Originally shared by Kabul-based author and activist Homeira Qaderi, the video was also posted by BBC Persian journalist Zia Shahreyar, who also put it into context. 

The 40-second video comes four days after Afghan news network TOLOnews reported that the Taliban had ordered shopping malls in Herat to “remove the heads of mannequins”.

“These are the statues — they are defined in the (holy) books and should not be in Islam. These were being worshipped. They (the shopkeepers) said that they display the clothes on them,” the report quoted the chief of Herat’s “department of vice and virtue” as saying.

According to the report, the department “warned that the shopkeepers will be punished if they violate the order”. It added that the order has come under criticism from garment-sellers and mall owners.

The video has generated a furore on social media, with some users questioning the priorities of the Taliban regime as Afghanistan faces a humanitarian crisis spurred on by a food shortage and a crashing economy. 

“This doesn’t make mannequins less sexy, or men less aroused.

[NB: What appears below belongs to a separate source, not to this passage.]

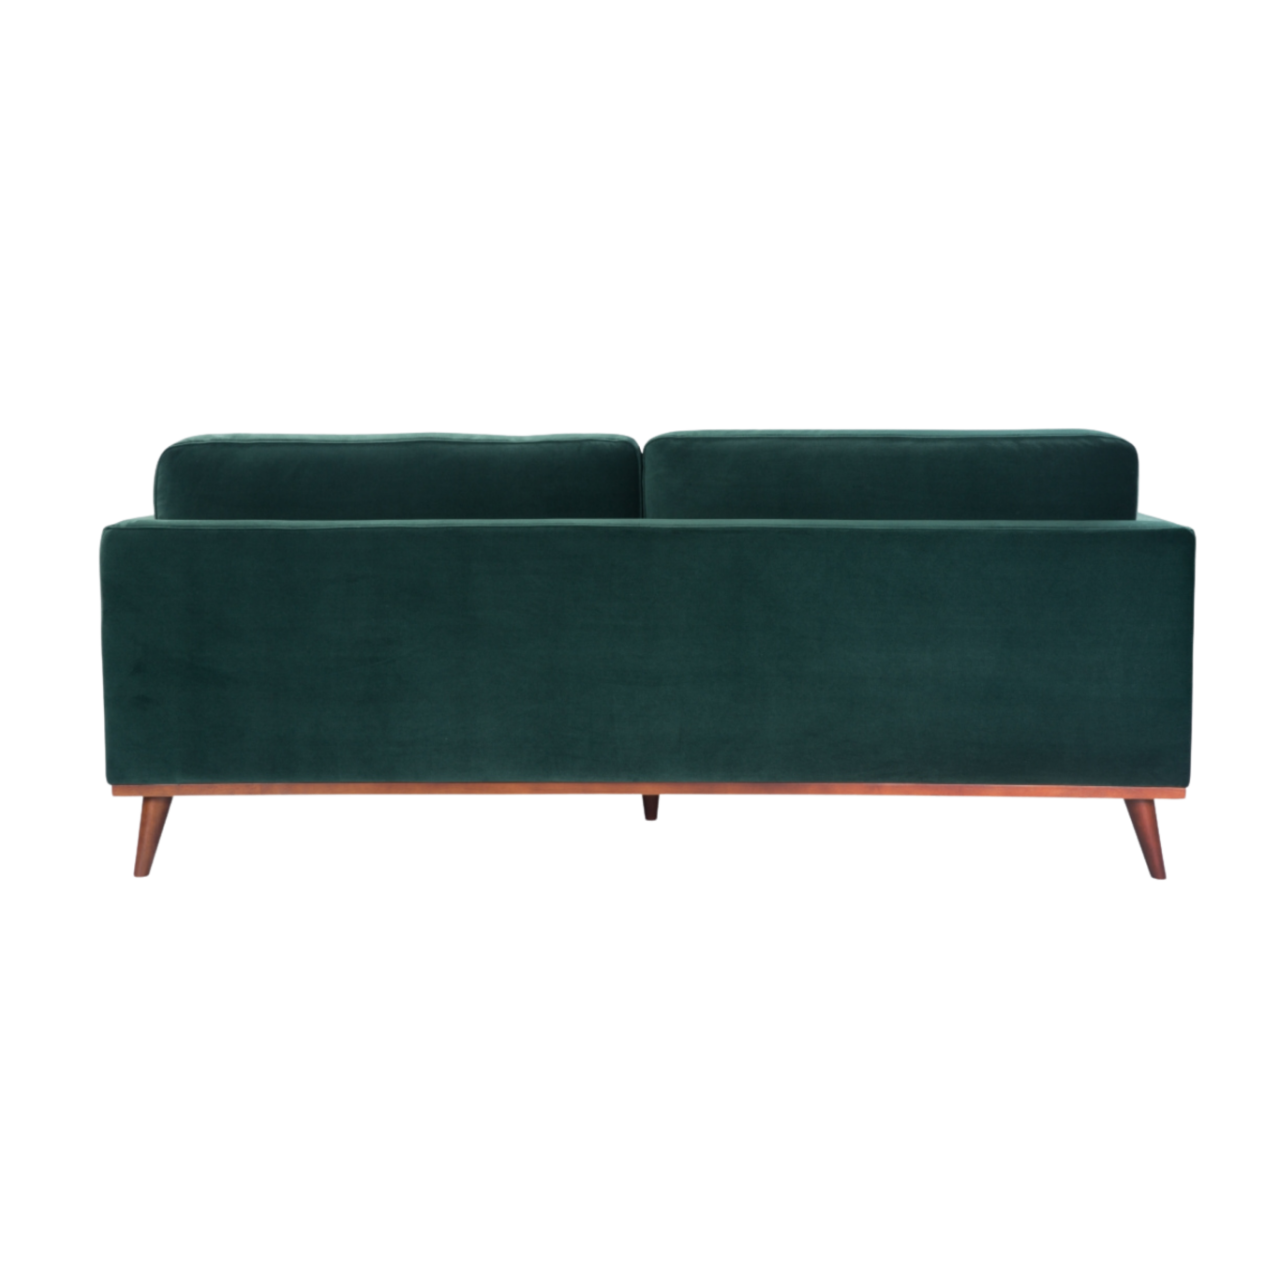 back view of simple modern 3 seater sofa in emerald green velvet

It just sends the message that a woman’s body is amenable to the utmost graphic violence,” a user pointed out.


Located in western Afghanistan, the oasis city of Herat is the country’s third most populous, and is seen as Afghanistan’s cultural heritage and arts centre, according to an article written by historian C.P.W. Gammell in Prospect Magazine

The city’s majority Tajik and Hazara population, which primarily speaks Dari, “fared badly” under the rule of the Pashto-speaking Taliban in 1996-2001, Gammell added. Following the August 2021 takeover, the city’s residents have attempted to keep the cultural “spirit” going “in defiance of the Taliban”, he said.